By: Chad Bray, Dow Jones Newswires

This appeared on smartmoney.com, see full story

Disgraced financier Bernard L. Madoff on Thursday publicly admitted to running a massive, decades-long Ponzi scheme that bilked investors out of billions of dollars, saying he was ashamed and acknowledging that he deeply hurt many people.

At a packed hearing in U.S. District Court in Manhattan on Thursday, Madoff pleaded guilty to 11 criminal charges, including securities fraud, wire fraud, mail fraud, money laundering and making a false filing with the U.S. Securities & Exchange Commission.

Dressed in a charcoal-gray suit, Madoff said he ran a Ponzi scheme for many years in his firm’s investment advisory business and that he never invested client funds as promised.
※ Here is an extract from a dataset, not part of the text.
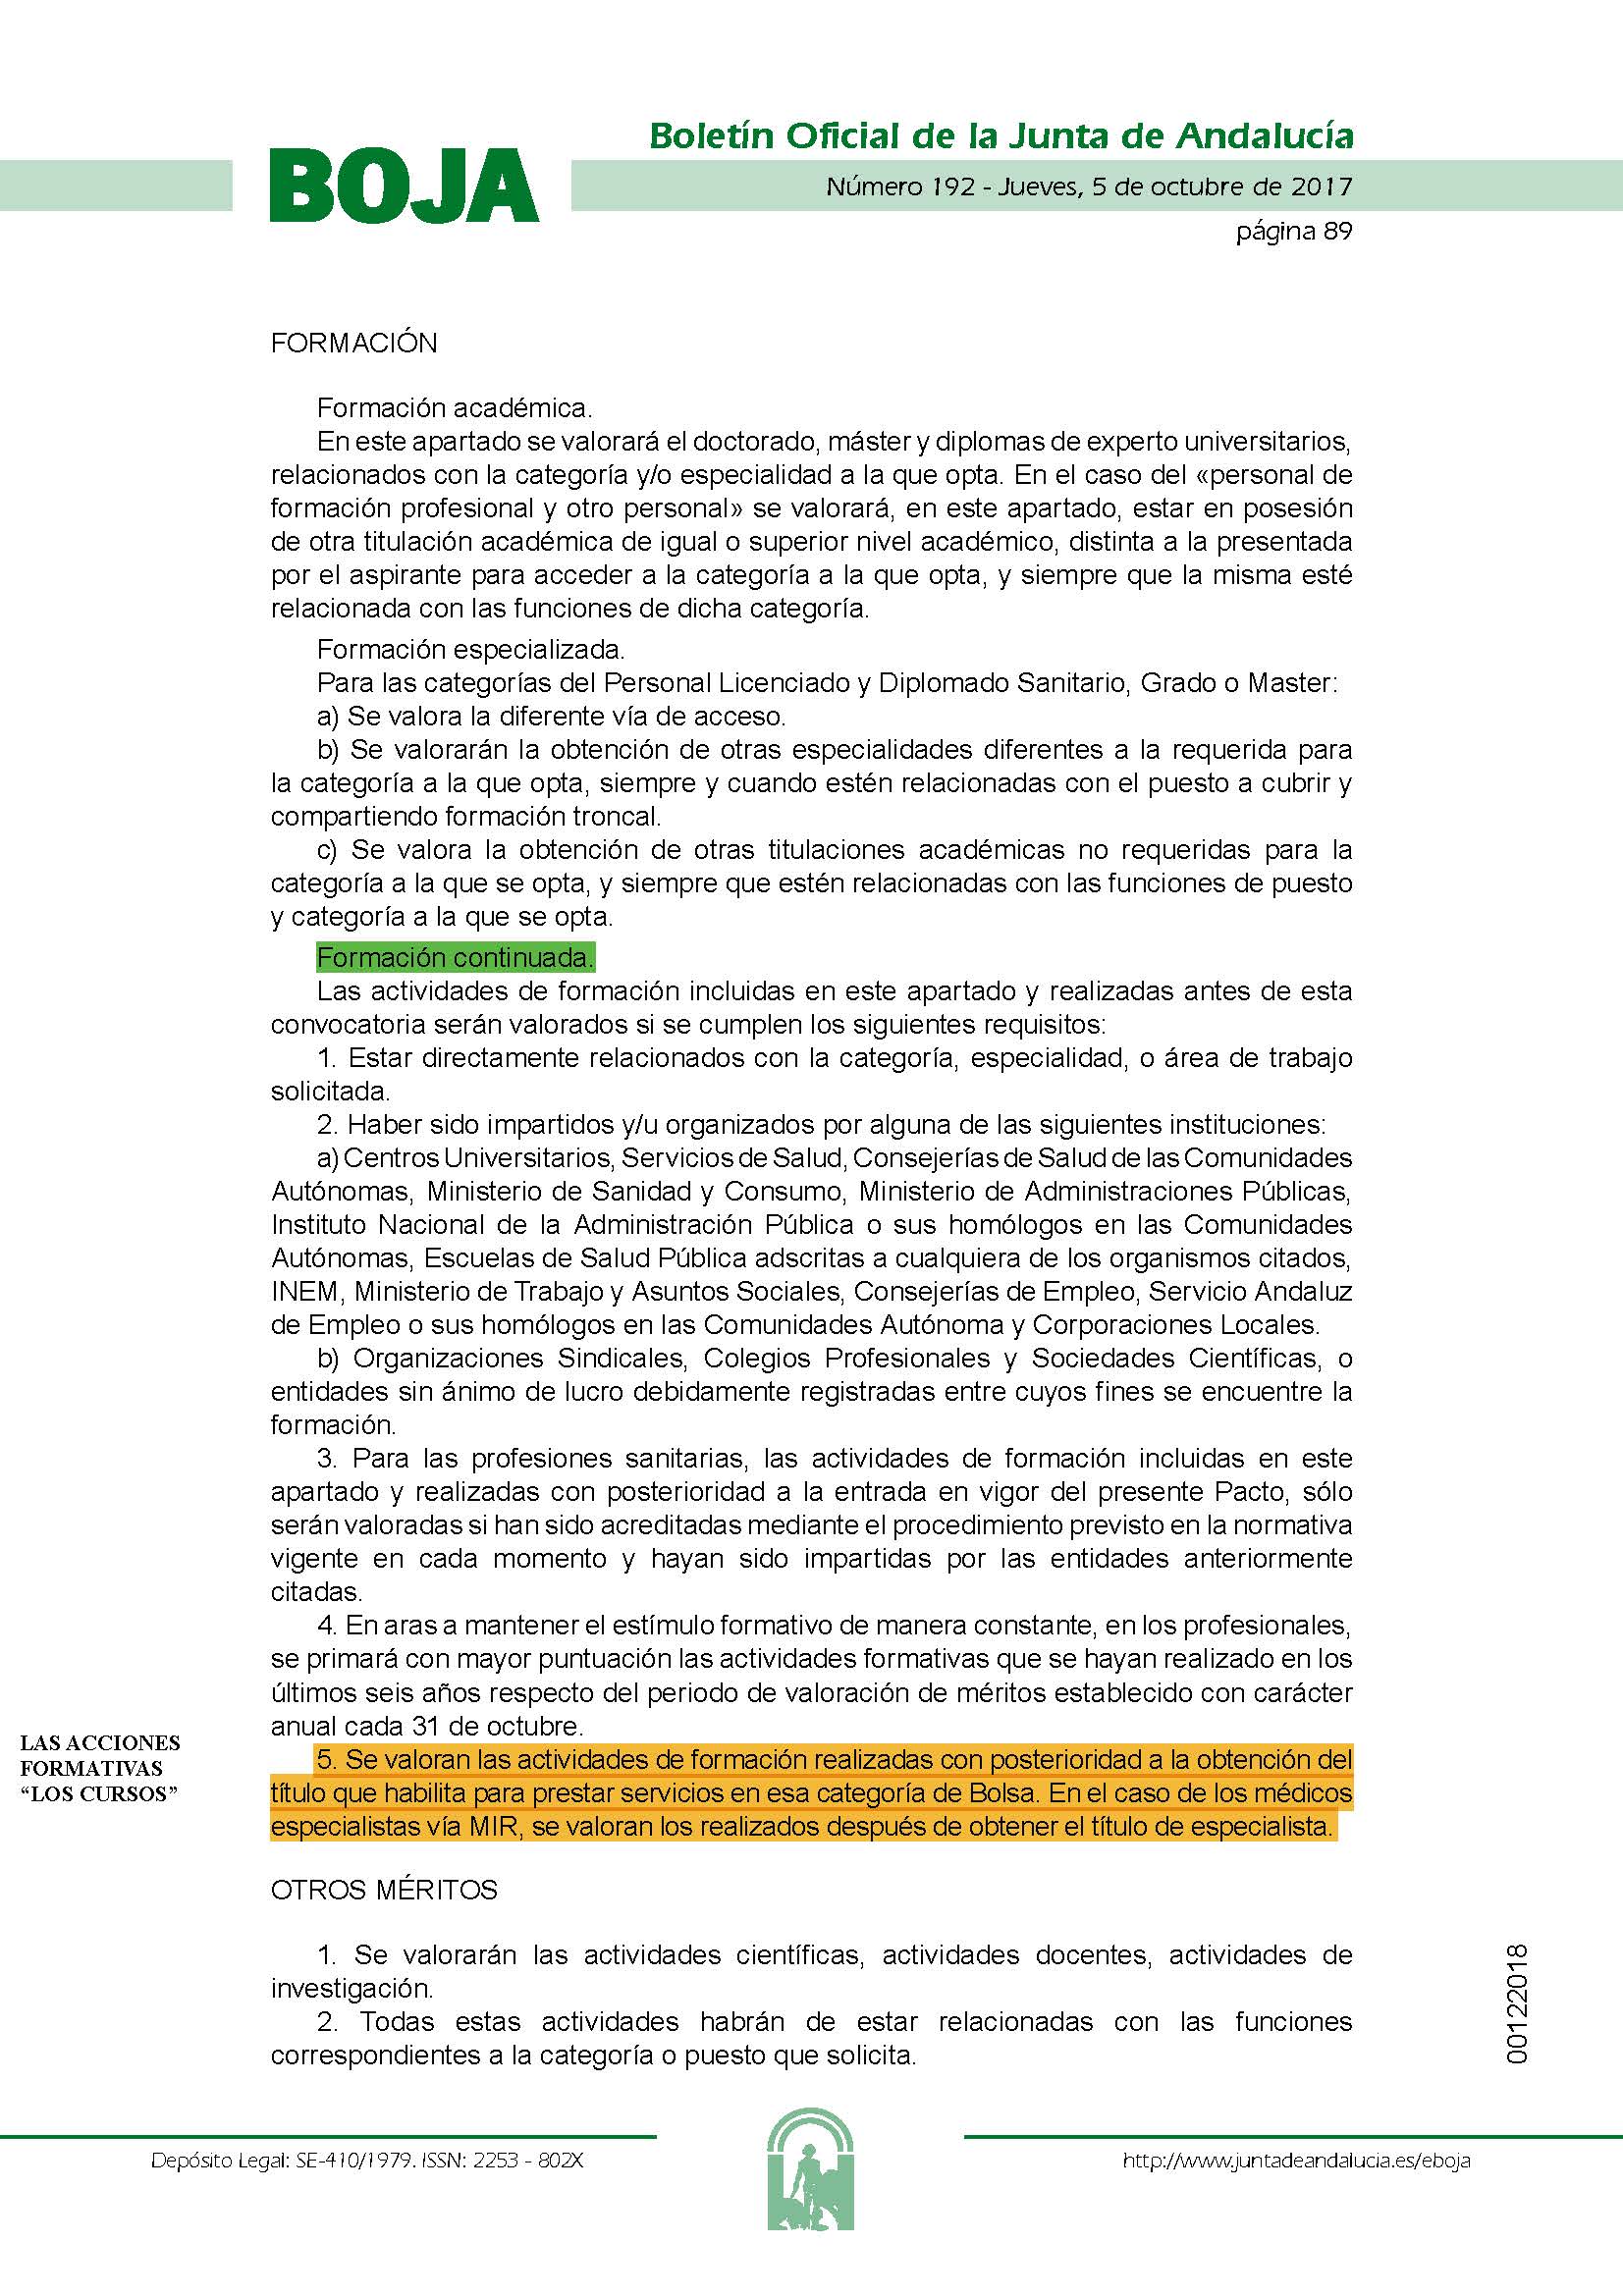 Aclaraciones sobre cursos, másteres formación durante el periodo MIR para la Bolsa de Empleo. | Sindicato Médico Andaluz

Madoff, 70 years old, said he felt compelled to meet clients’ expectations for returns that outpaced the market and thought the scheme would end shortly. Madoff said he started the scheme during a recession, which was difficult for investing in stocks.

“I never invested funds in securities as promised,” Madoff said.

Madoff will likely spend the rest of his life in prison. The charges carry of a maximum of 150 years in prison. Sentencing is set for June 16.

Following the plea, U.S. District Judge Denny Chin, who is presiding, ordered that Madoff’s bail be revoked and he be jailed pending sentencing.

Applause briefly broke out, before the judge asked the audience, which included some victims, to quiet down.

Madoff, a former chairman of the Nasdaq Stock Market, has been free on a $10 million personal recognizance bond since shortly after his arrest on Dec. 11. He has been confined to his Upper East Side apartment on 24-hour home detention and a private security company monitors the apartment’s entrances.

During his plea, Madoff said his firm’s proprietary trading and market-making operations, as well as its U.K. business, London-based Madoff Securities International Ltd., were legitimate.

The case has been closely watched. Scores of members of the media and some victims crammed into the main federal courthouse in lower Manhattan. The courtroom itself only held about 100 people, but two overflow rooms were set up in the courthouse with live video feeds of the hearing.

Helicopters and other media vehicles, carrying live video feeds, followed Madoff’s trip from his apartment to the courthouse in the pre-dawn hours on Thursday. More than a dozen television trucks were parked outside the courthouse and dozens of photographers waited outside in hopes of getting one last shot of Madoff as he entered or left the building.

Prosecutors had alleged Madoff defrauded charities, hedge funds, trusts and other investors in a massive fraud that dated back to the early 1980s.